### [ASSIGNMENT]
Which lines below fall between the one containing "Mr Incredible Violet" and the one containing "焼くシアートムオードリースkeinz 【良質/新鮮】生シアバター 【オーガニック】250g"? Repeat them exactly, counting both of those lines, and add nothing else.

### [ENTRIES PROVIDED]
______________________________
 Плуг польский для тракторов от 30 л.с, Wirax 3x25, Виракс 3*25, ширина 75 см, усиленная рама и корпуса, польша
______________________________
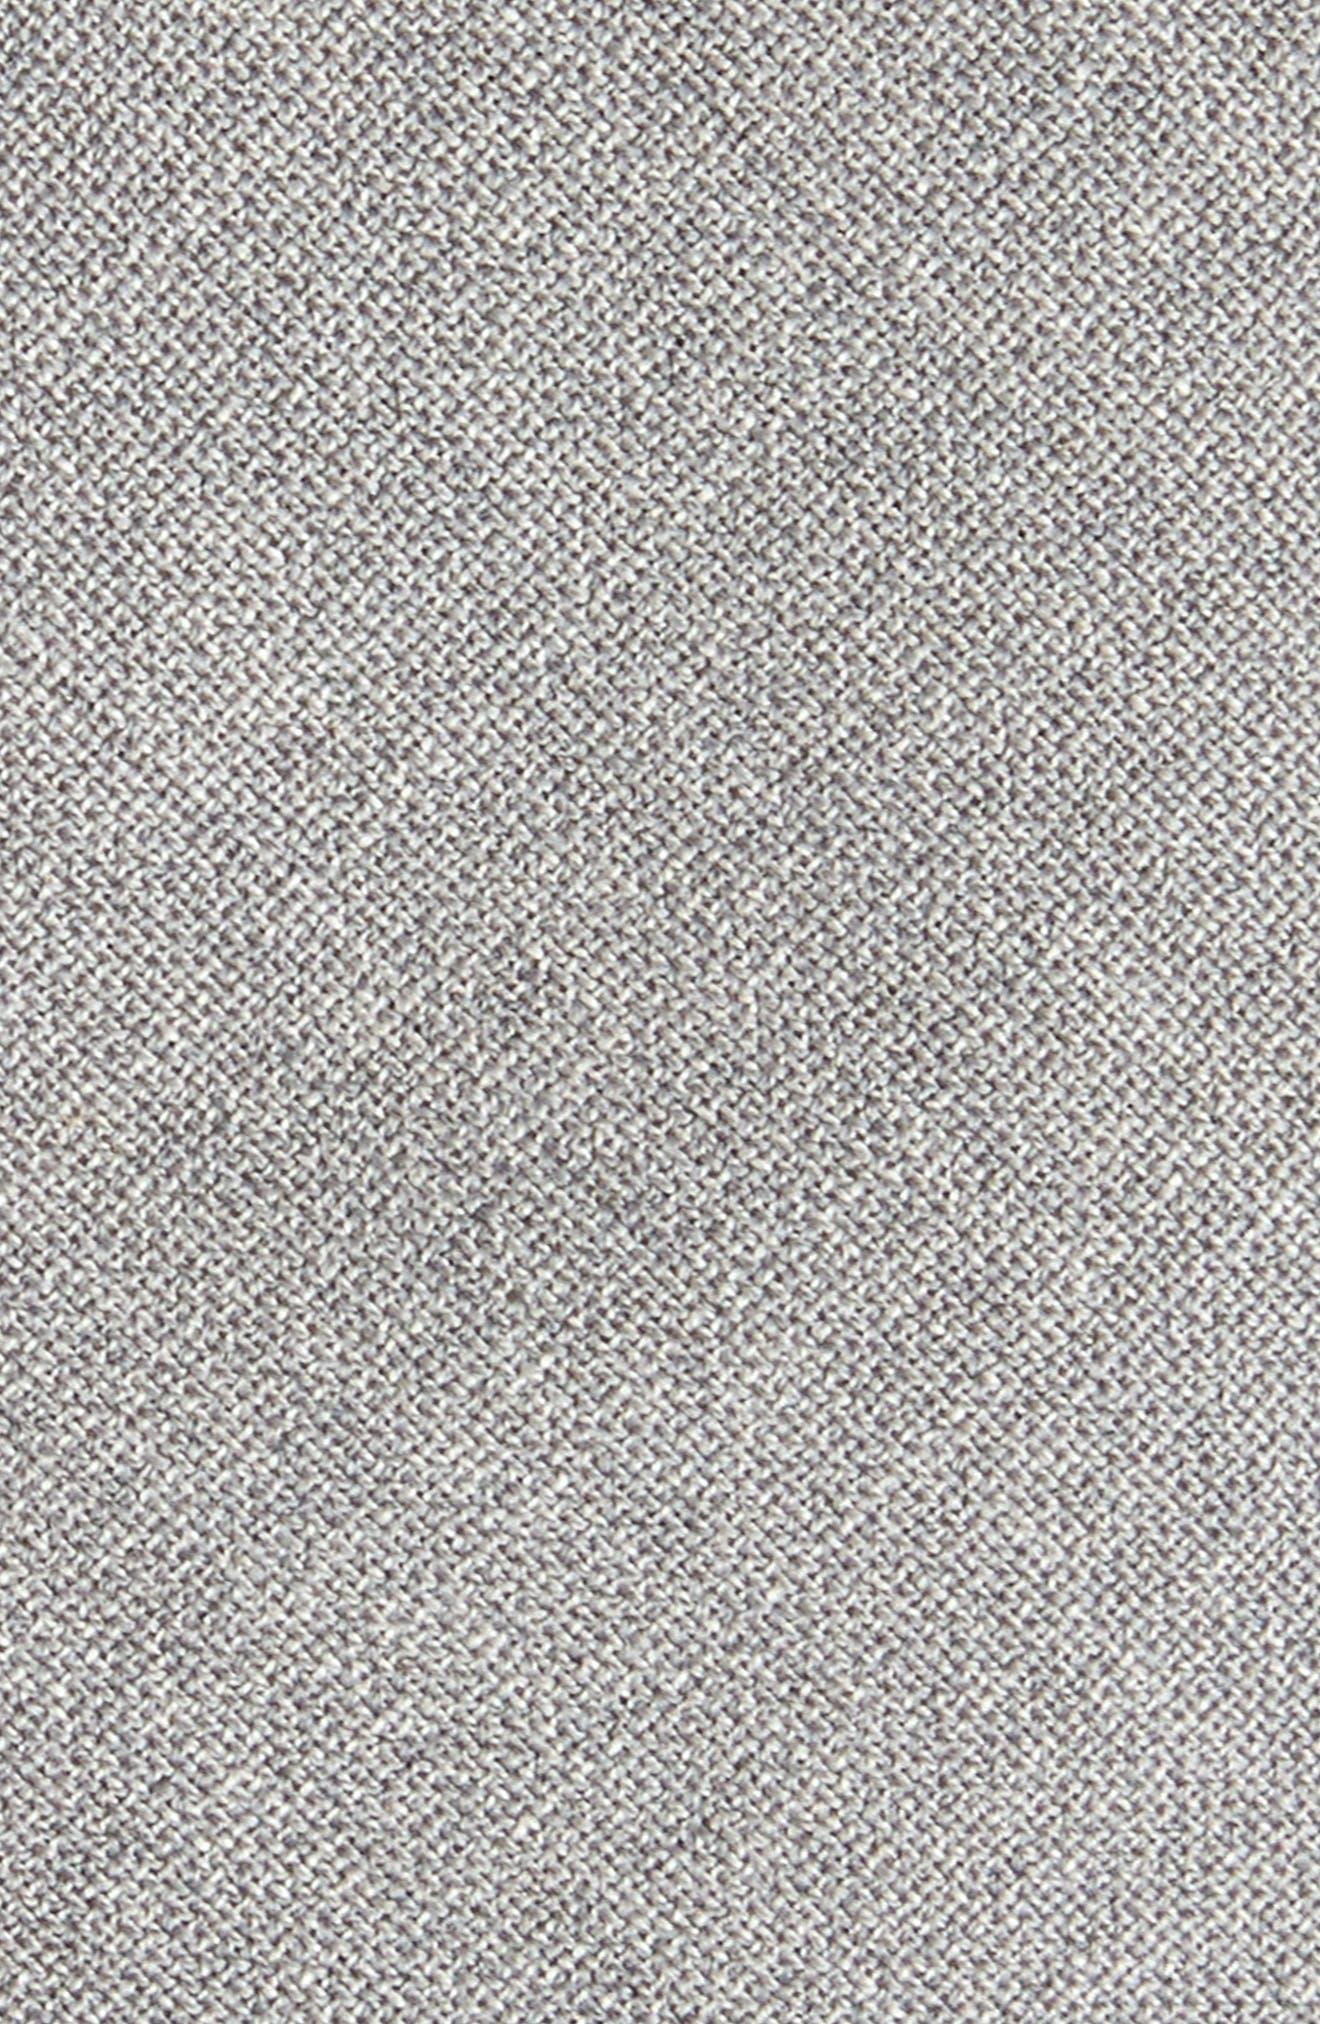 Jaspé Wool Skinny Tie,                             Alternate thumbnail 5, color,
______________________________
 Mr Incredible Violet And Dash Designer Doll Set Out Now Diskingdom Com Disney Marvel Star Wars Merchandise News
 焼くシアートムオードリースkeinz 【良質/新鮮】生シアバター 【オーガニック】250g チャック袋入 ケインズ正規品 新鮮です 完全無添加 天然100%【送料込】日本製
______________________________
### [OUTPUT]
 Mr Incredible Violet And Dash Designer Doll Set Out Now Diskingdom Com Disney Marvel Star Wars Merchandise News
 焼くシアートムオードリースkeinz 【良質/新鮮】生シアバター 【オーガニック】250g チャック袋入 ケインズ正規品 新鮮です 完全無添加 天然100%【送料込】日本製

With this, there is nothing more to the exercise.